HYDE, the name of an English family distinguished in the 17th century. Robert Hyde of Norbury, Cheshire, had several sons, of whom the third was Lawrence Hyde of Gussage St Michael, Dorsetshire. Lawrence’s son Henry was father of Edward Hyde, earl of Clarendon (q.v.), whose second son by his second wife was Lawrence, earl of Rochester (q.v.); another son was Sir Lawrence Hyde, attorney-general to Anne of Denmark, James I.’s consort; and a third son was Sir Nicholas Hyde (d. 1631), chief-justice of England. Sir Nicholas entered parliament in 1601 and soon became prominent as an opponent of the court, though he does not appear to have distinguished himself in the law. Before long, however, he deserted the popular party, and in 1626 he was employed by the duke of Buckingham in his defence to impeachment by the Commons; and in the following year he was appointed chief-justice of the king’s bench, in which office it fell to him to give judgment in the celebrated case of Sir Thomas Darnell and others who had been committed to prison on warrants signed by members of the privy council, which contained no statement of the nature of the charge against the prisoners. In answer to the writ of habeas corpus the attorney-general relied on the prerogative of the crown, supported by a precedent of Queen Elizabeth’s reign. Hyde, three other judges concurring, decided in favour of the crown, but without going so far as to declare the right of the crown to refuse indefinitely to show cause against the discharge of the prisoners. In 1629 Hyde was one of the judges who condemned Eliot, Holles and Valentine for conspiracy in parliament to resist the king’s orders; refusing to admit their plea that they could not be called upon to answer out of parliament for acts done in parliament. Sir Nicholas Hyde died in August 1631.
Sir Lawrence Hyde, attorney-general to Anne of Denmark, had eleven sons, four of whom were men of some mark. Henry was an ardent royalist who accompanied Charles II. to the continent, and returning to England was beheaded in 1650; Alexander (1598–1667) became bishop of Salisbury in 1665; Edward (1607–1659) was a royalist divine who was nominated dean of Windsor in 1658, but died before taking up the appointment, and who was the author of many controversial works in Anglican theology; and Robert (1595–1665) became recorder of Salisbury and represented that borough in the Long Parliament, in which he professed royalist principles, voting against the attainder of Strafford. Having been imprisoned and deprived of his recordership by the parliament in 1645/6, Robert Hyde gave refuge to Charles II. on his flight from Worcester in 1651, and on the Restoration he was knighted and made a judge of the common pleas. He died in 1665. Henry Hyde (1672–1753), only son of Lawrence, earl of Rochester, became 4th earl of Clarendon and 2nd earl of Rochester, both of which titles became extinct at his death.
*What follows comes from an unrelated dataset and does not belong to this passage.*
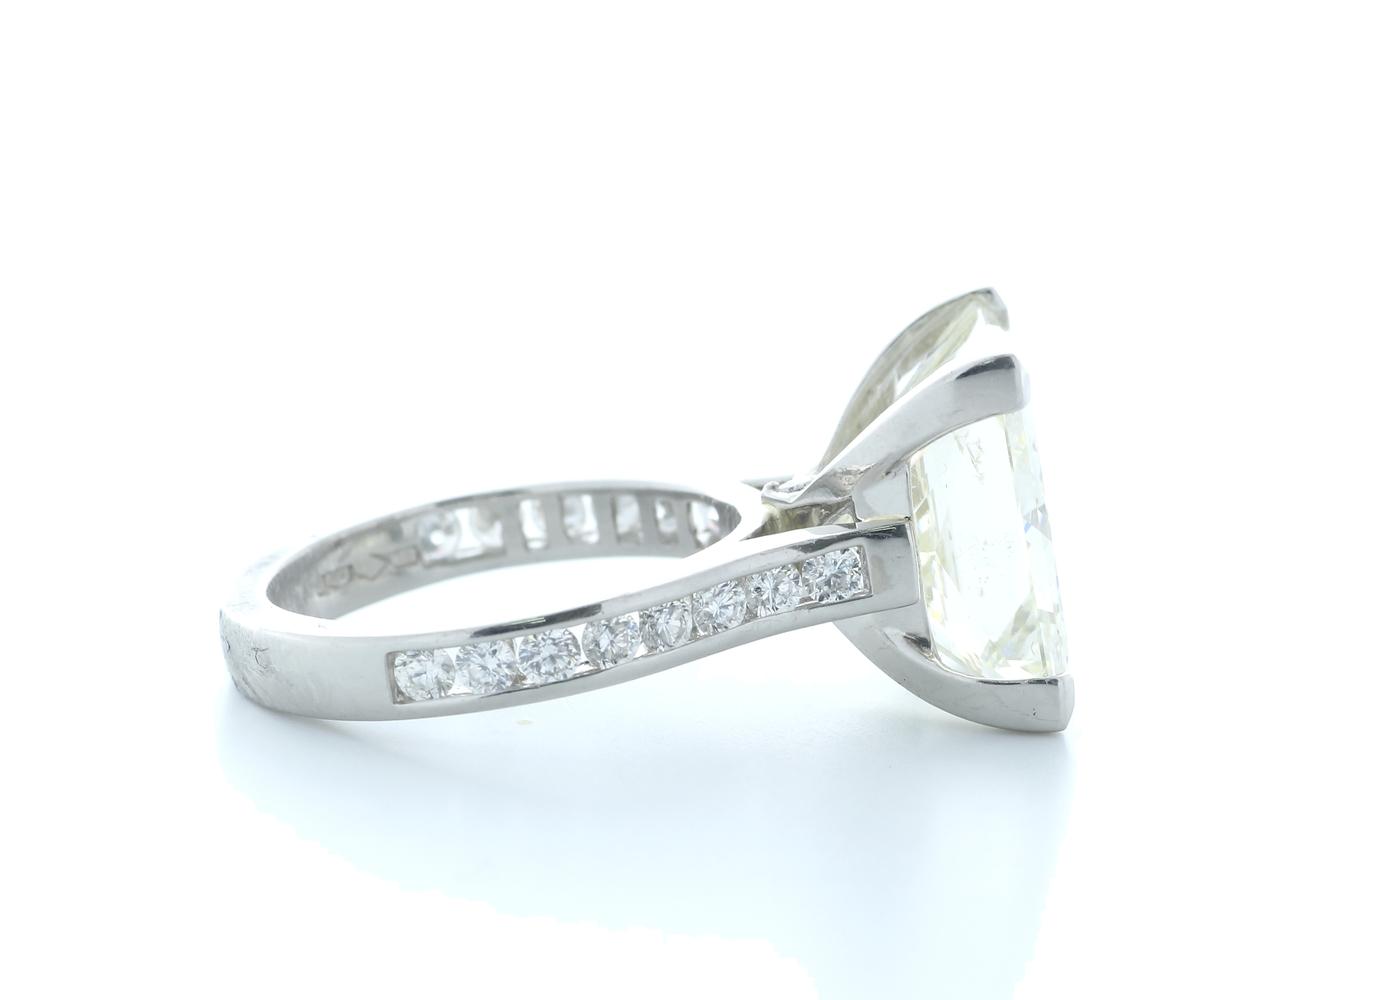 18ct White Gold Princess Cut Diamond Ring 10.00 Carats - Image 4 of 5

He was in no way distinguished, but his wife Jane Hyde, countess of Clarendon and Rochester (d. 1725), was a famous beauty celebrated by the homage of Swift, Prior and Pope, and by the groundless scandal of Lady Mary Wortley Montagu. Two of her daughters, Jane, countess of Essex, and Catherine, duchess of Queensberry, were also famous beauties of the reign of Queen Anne. Her son, Henry Hyde (1710–1753), known as Viscount Cornbury, was a Tory and Jacobite member of parliament, and an intimate friend of Bolingbroke, who addressed to him his Letters on the Study and Use of History, and On the Spirit of Patriotism. In 1750 Lord Cornbury was created Baron Hyde of Hindon, but, as he predeceased his father, this title reverted to the latter and became extinct at his death. Lord Cornbury was celebrated as a wit and a conversationalist. By his will he bequeathed the papers of his great-grandfather, Lord Clarendon, the historian, to the Bodleian Library at Oxford.
See Lord Clarendon, The Life of Edward, Earl of Clarendon (3 vols., Oxford, 1827); Edward Foss, The Judges of England (London, 1848–1864); Anthony à Wood, Athenae oxonienses (London, 1813–1820); Samuel Pepys, Diary and Correspondence, edited by Lord Braybrooke (4 vols., London, 1854).